A regular neural network has an input layer, hidden layers and an output layer. The input layer accepts inputs in different forms while the hidden layers perform calculations on these inputs. The output layer then delivers the outcome of the calculations and extractions. Each of these layers contain neurons that are connected to neurons in the previous layer and each neuron has its own weight. This means you aren’t making any assumptions about the data being fed into the network. This is great usually but not if you’re working with images or a language.
CNNs work differently as they treat data as spatial. Instead of neurons being connected to every neuron in the previous layer, they are instead only connected to neurons close to it and they all have the same weight. The word convolutional refers to the filtering process that happens in this type of network. Let’s think of it this way, an image is complex. A CNN simplifies it, so it can be better processed and understood. In terms of structure, the CNN is made up of multiple layers , but there are a couple layers that distinguish it from our typical neural networks: the convolutional layer and the pooling layer. Below is pasted an image of the model that we will explain later, but it already gives us a great idea of what the different layers of a CNN model look like.
The first step is to install the necessary libraries, and then set up the seed to ensure that our results are standardized when we do end up using our model.
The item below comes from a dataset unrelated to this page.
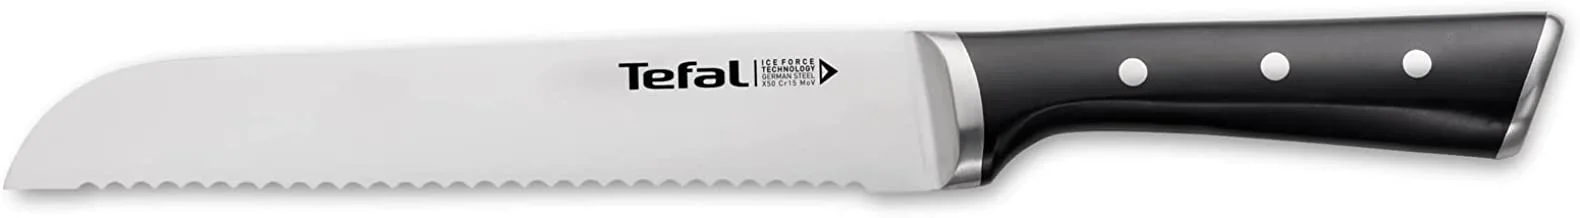 Tefal Ice Force 20 cm Bread Knife, Black, Stainless Steel, K2320414

It is important to mention that we will using a dataset from the Center for Research in Computer Vision (CRCV) of University of Central Florida (link in the references below) to train our CNN model. It includes 50 types of human movement videos that we downloaded directly from one of UCF’s webpage as seen below.
Movement Selection and Data Preprocessing
Before starting to preprocess our data, we picked 5 movements that our model will have to choose from to classify the different videos that we will be testing it with. Those movements are jumping jack, lunges, tennis swing, push ups and jumping rope. We also set different variables that will be used to standardize the different videos that we will be importing.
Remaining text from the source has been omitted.